Il serait effectivement inéquitable, au sens des dispositions de l’article 700 du code de procédure civile, de laisser à la charge de la SARL ASP les frais irrépétibles qu’elle a été contrainte d’engager à l’occasion de cette instance et qu’il convient d’arbitrer à la somme de 2.000 euros.
L’article 696 du code de procédure civile dispose que la partie perdante est condamnée aux dépens, à moins que le juge, par décision motivée, n’en mette la totalité ou une fraction à la charge d’une autre partie.

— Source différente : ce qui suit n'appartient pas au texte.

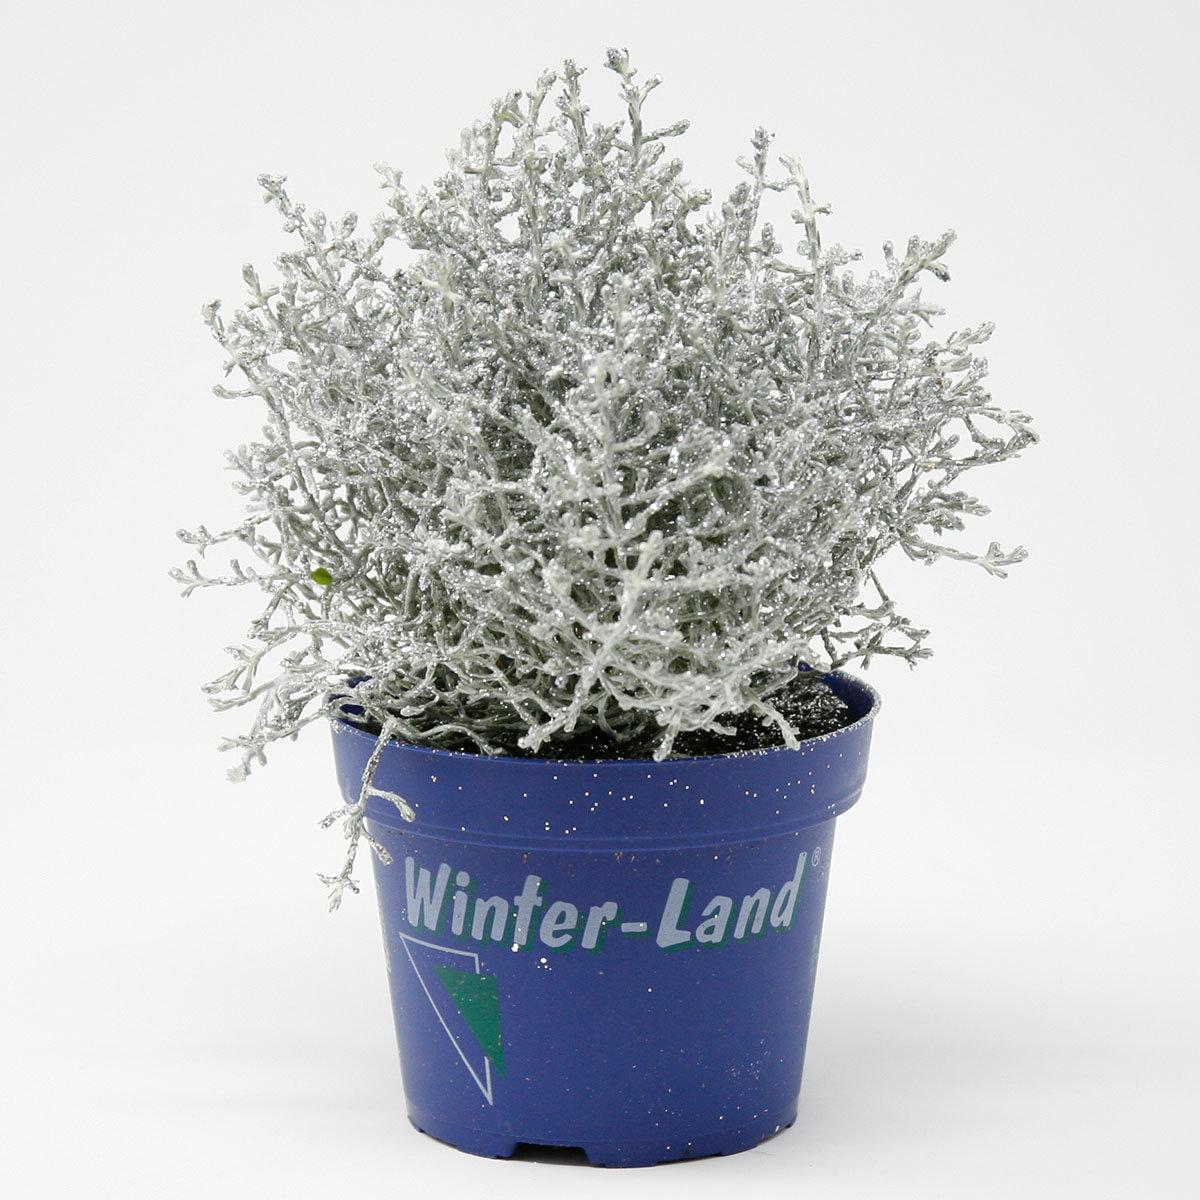 Silber glitzernde Stacheldrahtpflanze   #3

En l’espèce, M. [I], succombant à l’instance, sera condamné aux dépens de la présente procédure et sera purement et simplement débouté de sa demande de défraiement formée au visa de l’article 700 du code de procédure civile.
PAR CES MOTIFS
La cour, statuant publiquement et contradictoirement,
CONFIRME le jugement n° RG-21/00579 rendu le 9 mai 2023 rendu par le tribunal judiciaire de Clermont-Ferrand en ce qu’il a :
— dit que la condamnation pécuniaire principale bénéficiant à la SARL ASP Aménagement Sols et Paysages est assortie du bénéfice des intérêts de retard au taux légal à compter de la date d’assignation du 9 février 2021 ;
— débouté la SARL ASP Aménagement sols et paysages de sa demande de dommages et intérêts en allégation de résistance abusive,
— débouté M. [O] [Y] [S] de sa demande de dommages et intérêts,
— condamné M. [O] [Y] [S] à payer à la SARL ASP Aménagement Sols et Paysages la somme de 1.500 euros au titre de l’article 700 du code de procédure civile,
— rejeté la demande de M. [O] [Y] [S] au titre de l’article 700 du code de procédure civile,
— condamné M. [O] [Y] [S] aux dépens de première instance,
INFIRME le jugement pour le surplus de ses dispositions frappées d’appel,
Statuant de nouveau et y ajoutant,
CONDAMNE M. [O] [Y] [S] à payer au profit de la SARL ASP Aménagement Sols et Paysages :
— la somme principale de 7.187,76 € au titre du solde impayé de facturation susmentionné, avec intérêts de retard au taux légal jusqu’à parfait paiement à compter du 9 février 2021 ;
— une indemnité de 2.000,00 €, en dédommagement de ses frais irrépétibles prévus à l’article 700 du code de procédure civile.
REJETTE le surplus des demandes des parties.
CONDAMNE M. [O] [Y] [S] aux entiers dépens de l’instance d’appel.